Катя быстро подошла ко мне, крепко обняла:

- Тоник, ну извини за глупую шутку, ну, что ты?! – Катя пыталась меня поцеловать, а я всё отворачивался. Зачем она так? Я только выкинул из головы весь ужас ревности и страданий, через который мне пришлось пройти, и вот… - Тоничек, я просчитала всё по минутам! Это твой, твой ребёнок! Только нам ещё рано, понимаешь, рано! Мы его тоже оставим в этой Родовой камере, пусть спокойно развивается, пока мы рискуем своей жизнью, а, Тоник?!

Я повернулся, и пошёл в своё отделение Родовой камеры. Раздевшись, хмуро посмотрел на пиктограмму, изображающую возбуждённого мальчика, и забрался в капсулу, только сейчас поняв, как устал.

Выйдя из Родовой камеры, я прошёл в кают-компанию, проголодавшись. Катя там уже ждала меня.

- Пошли, сначала посмотрим, как наши гости, потом вместе поедим, - предложила она, - возьми какую-нибудь одежду для мальчика.

Несмотря на урчание в животе, я отправился в свою каюту, нашёл свежее бельё, шортики, и прошёл в изолятор. Мальчик ещё спал. Я подумал, нашёл комнату, откуда вела свои наблюдения Вася, посмотрел показания. Затем прочитал рекомендации.

Предлагалось оставить пациента до утра, до полного выздоровления. К нему сейчас подключены капельницы с жизненно важными веществами, так что, от голода он не умрёт.

Полюбовавшись на гостя, в котором было что-то ангельское, я вернулся в кают-компанию, и сделал заказ. Поставив тарелки на стол, начал кушать, не дожидаясь своей жены.

Катя вернулась, когда я уже принимался за второе.

- Как у тебя? Спит? – спросила она меня, я кивнул, спросив:

- А у тебя?

- Тоже спит. Такой ангелочек, просто прелесть! Не могла налюбоваться.

- Я о тебе спрашиваю, - Катя пожала плечами: - Я не сказала? Да, как мы и предполагали. Я оставила зародыш здесь, уже второй, оба твои.

Я не понял, рад я этому, или нет.

- Кать, а кто эти ребята?

- Я не знаю, Тон. Они полностью состоят из генотипа, которого в нас крупицы.

- Мне показалось, что они ангелы…

- Да, похоже. Когда проснутся, спросим. Тоник, я пойду отдыхать, мне сегодня нельзя бегать. Ты чем собираешься заняться?

- Пойду, поупражняюсь с двумя клинками. Очень полезный навык, - поднялся я.
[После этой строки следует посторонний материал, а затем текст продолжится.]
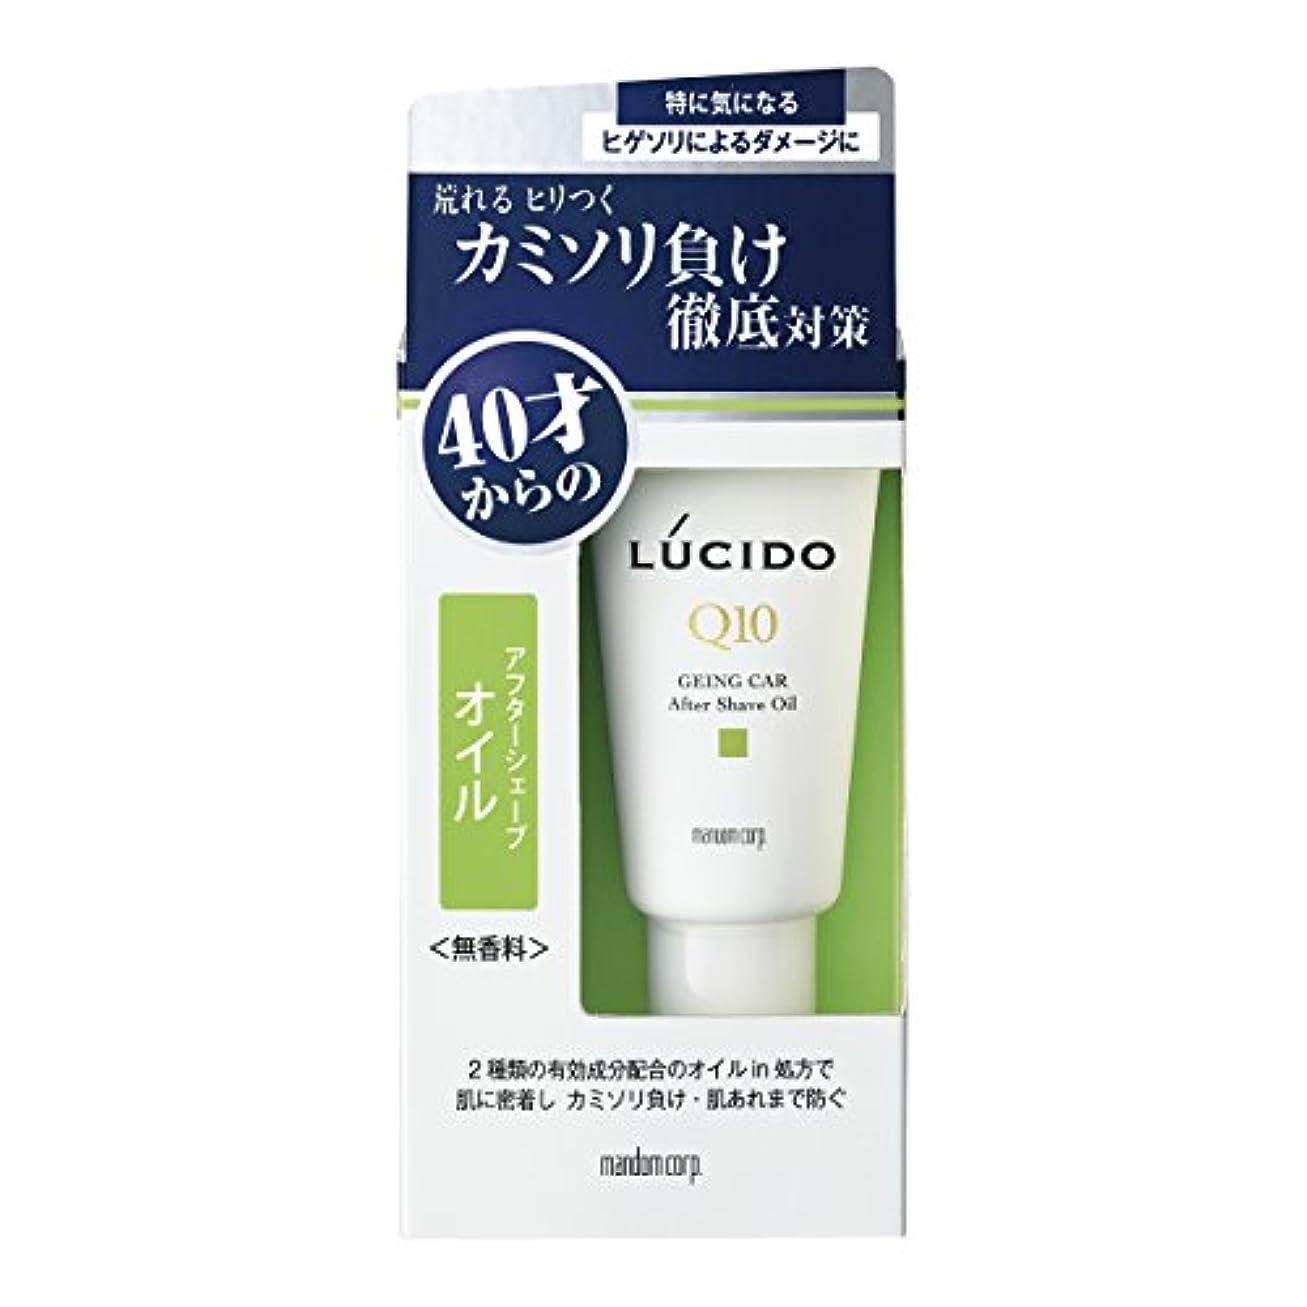 作るバルーンフラップルシード 薬用 アフターシェーブオイル (医薬部外品)30g

- Тоник, - тихо позвала меня Катя, я поднял на неё глаза.

- Что?

- Ты сильно на меня обиделся?

- Не знаю, Катя, - честно ответил я, - мне надо время, чтобы разобраться.

- У нас нет времени, Тоник. Я думаю, завтра всё кончится.

- Завтра? Что кончится?

- Всё. Всё кончится. Не спрашивай, не знаю, предчувствие у меня такое. Иди, упражняйся. Я пойду, отдохну, неважно себя чувствую. Я буду на нашем месте, Тоничек.

Я прошёл в спортзал, заказал две учебные сабли, и долго бился с виртуальным противником. Когда изнемог, пошёл к себе в каюту. Катя уже спала.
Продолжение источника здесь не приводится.